Autism-Associated Gene Engrailed-2 Plays a Cell Autonomous Role in Regulating Proliferation and Cell Death in Hippocampal Neural Stem Cells in Vitro

Background: Engrailed-2 (En2) is a homeodomain transcription factor important in the proper development of the cerebellum and midbrain. Two intronic single nucleotide polymorphisms were shown to be over-transmitted to individuals with autism spectrum disorder (ASD) compared to unaffected siblings. Similar neuropathology is observed in the cerebellum of En2 knockout (En2-KO) animals and some ASD patients, including reduced cerebellar vermis size, decreased Purkinje neuron numbers, and defects in foliation. More recently, there is increased attention to changes in the forebrain, in part because ASD-related behavioral phenotypes in the En2-KO, such as deficits in social interactions, fear conditioning and learning, depend on forebrain circuits. These behaviors are accompanied by structural changes, including reduced weight, size and cell number in several areas including hippocampus, likely reflecting abnormalities in neurogenesis. Indeed, En2-KO exhibits ~2-fold increases in stem cell proliferation and immature neuron apoptosis in the dentate gyrus, which implies that En2 activity in the brain can regulate proliferation and cell survival in the hippocampus. While these differences have been attributed to reductions in norepinephrine innervation, very low levels of En2are detected in the hippocampus, raising the possibility of cell autonomous functions.
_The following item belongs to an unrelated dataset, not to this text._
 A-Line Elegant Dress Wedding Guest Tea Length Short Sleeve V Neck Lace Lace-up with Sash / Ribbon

Objectives: This study seeks to examine cell autonomous roles for En2 in regulating hippocampal neurogenesis by showing that (1) stem cells cultured in vitro as neurospheres express En2, and (2) the absence of En2in cultured cells leads to increased proliferation and apoptosis.  
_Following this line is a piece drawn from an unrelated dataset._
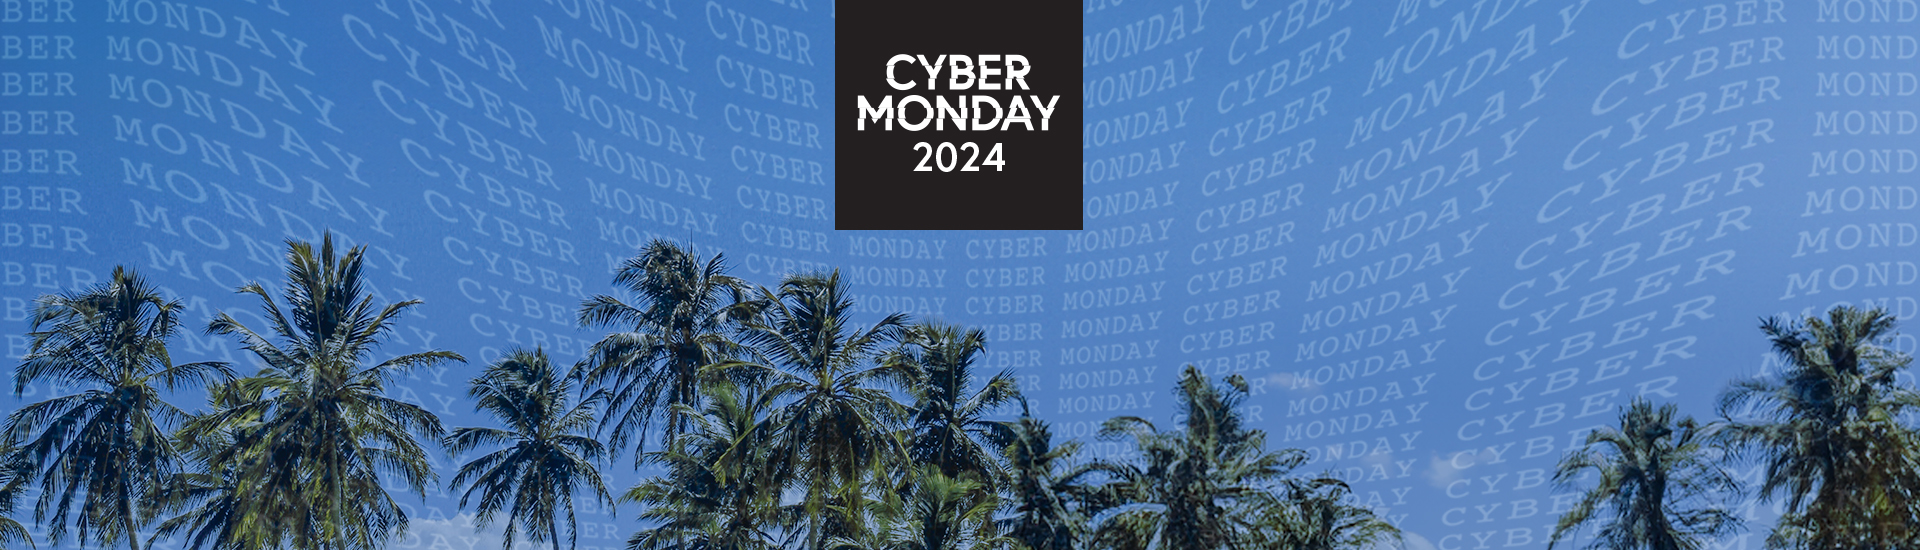 Cyber Monday 2024 Countdown

Methods: Hippocampi from P7 En2-KO and WT mice were dissociated and cells were plated in defined media containing 2% B27 supplement, 20 ng/ml EGF and 10 ng/ml FGF. En2 mRNA expression was assessed using quantitative PCR. Primary neurospheres were assayed for neurosphere numbers and size after 7 days in culture. Immunofluorescent labeling of whole neurospheres was performed to determine rates of proliferation (BrdU incorporation) and apoptosis (cleaved caspase-3, pyknosis). Experiments were performed at least 3 times, with each experiment consisting of at least one WT and En2-KO culture.
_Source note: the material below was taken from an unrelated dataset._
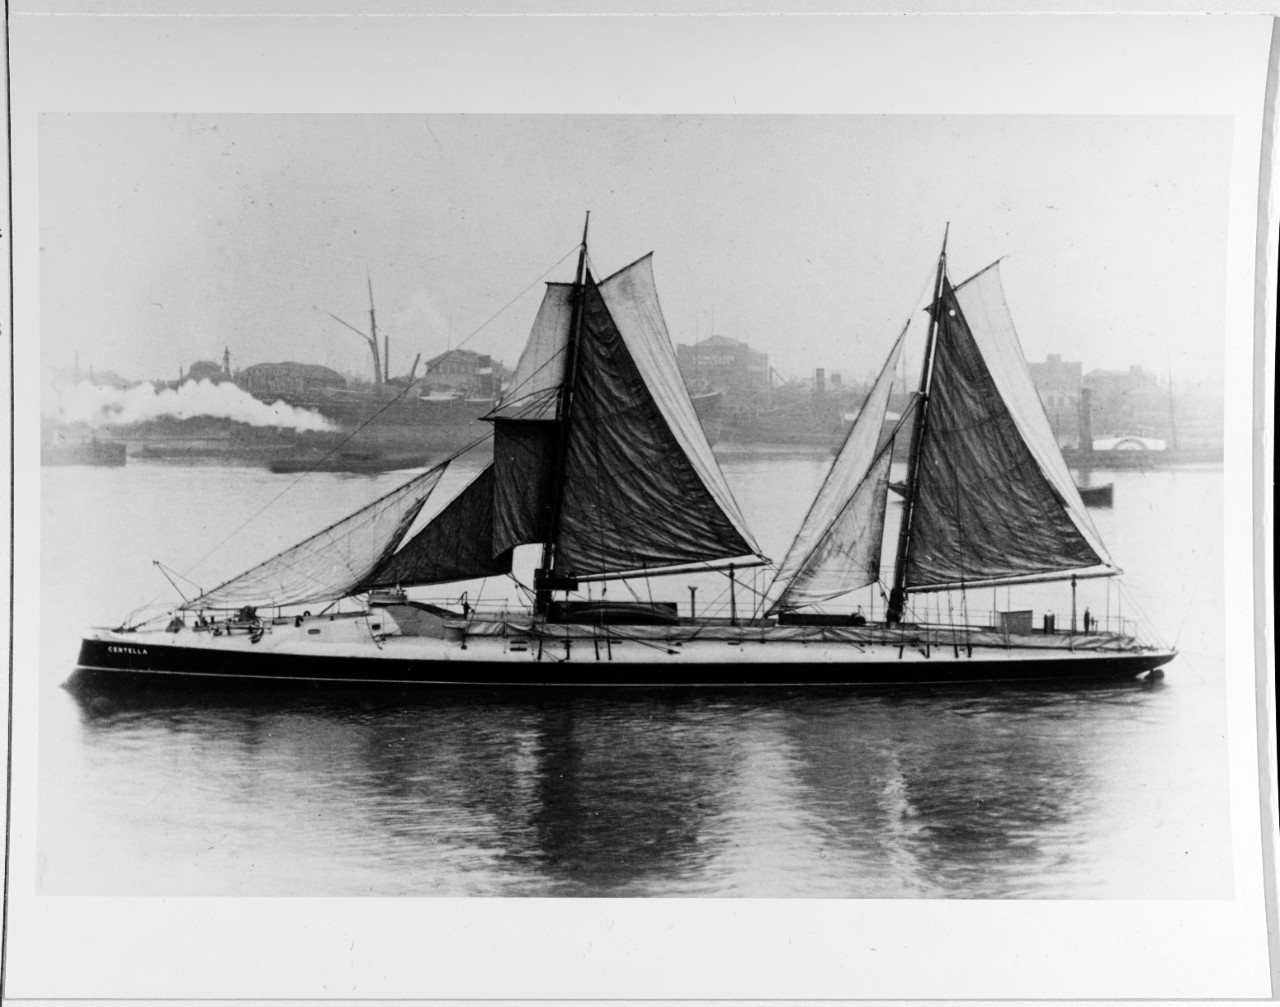 Argentine torpedo boat CENTELLA, built by Yarrow in 1882.

Results: Expression of En2 mRNA as well as its homolog Engrailed-1 was detected in WT neurospheres. While primary neurosphere assays revealed no change in numbers of primary spheres, measurement of sphere diameter showed increased frequency of larger spheres in En2-KO, suggesting potential effects on proliferation and/or survival. Compared to WT neurospheres, the En2-KO exhibited a 2-fold increase in BrdU labeling (p<0.005) as well as apoptosis (p<0.05).

Conclusions: This study suggests that En2 plays a role in regulating proliferation and apoptosis in hippocampal neural stem cells. While evidence of En2 expression in hippocampal dentate gyrus cells in vivo remains uncertain, we were able to show expression of En2 in neural precursor cultures. Furthermore, increased proliferation and cell death observed in En2-KO neurosphere cultures recapitulates what is observed in vivo, suggesting that En2 may inhibit proliferation and promote survival in a cell autonomous manner. More broadly, these studies indicate how the activities of developmental regulatory genes in diverse brain regions impact brain structure and function, and may contribute to our understanding of how ASD-related behaviors occur in the En2-KO mouse.